Blockchain is a form of distributed ledger technology, a digital system in which data is recorded across multiple places at the same time. Unlike traditional databases, DLTs have no central administrator or centralised data storage. They are transparent because the data is visible and, because they are automatically replicated and impossible to be tampered with, they are secure.

The main difference between blockchain and other forms of DLT is the way data is stored as ‘blocks’ – new transactions are added to the existing ‘chain’ of past transactions, hence the name ‘blockchain’. It is impossible to delete or modify information on the chain due to the replication of blocks across various locations.

Blockchain is mostly associated with cryptocurrency Bitcoin.
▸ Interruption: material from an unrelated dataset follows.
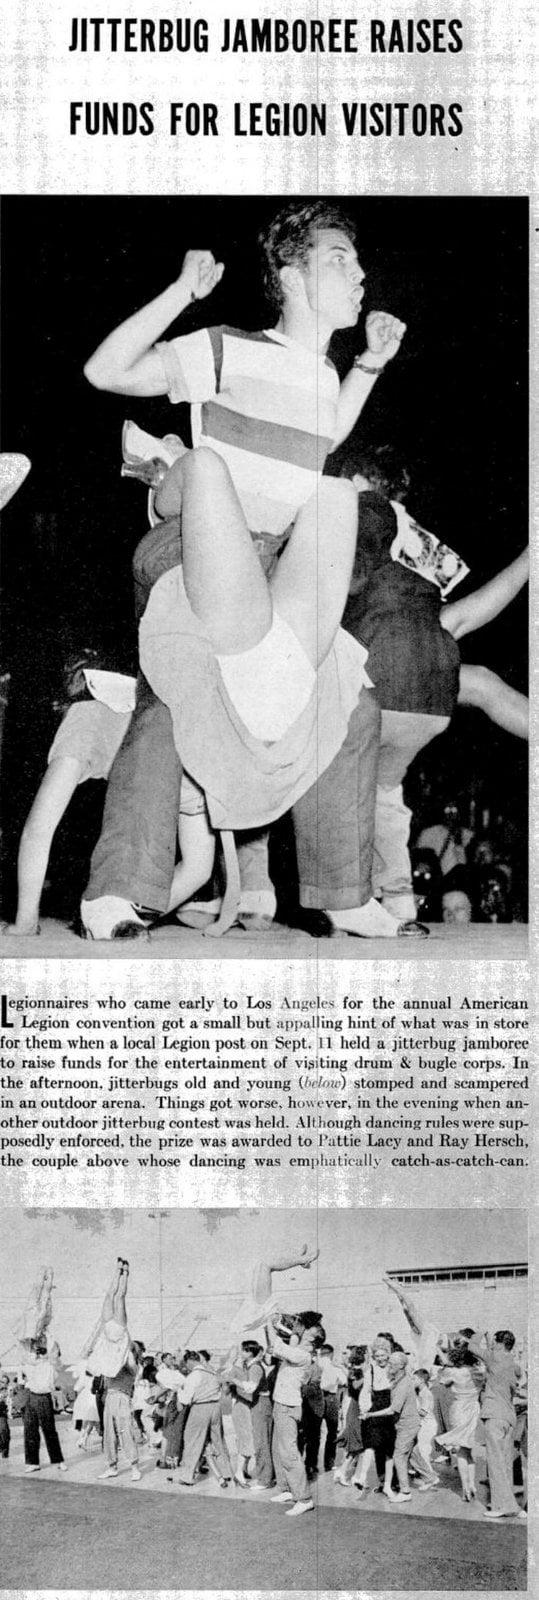 LIFE Sep 26, 1938 Jitterbug dancing

Due to the inability to tamper with transactions, advocates say this makes the currency more secure and safer than traditional systems. It is maintained by a network of people referred to as ‘miners’, who receive rewards for solving complex mathematical equations that enable transactions to go through.

However, one of the major problems that has come to light has been the presence of illicit material buried in the Bitcoin blockchain, linking it to the dark web.

Other blockchain platforms can offer things like smart contracts, which are automatically implemented when specific conditions from all interested parties are reached, cutting the time involved and the risk of mistakes. Another use could be storing medical records, as patients can be confident their information cannot be changed. The technology can also be used in supply chains, voting and has the potential to used for storing property records.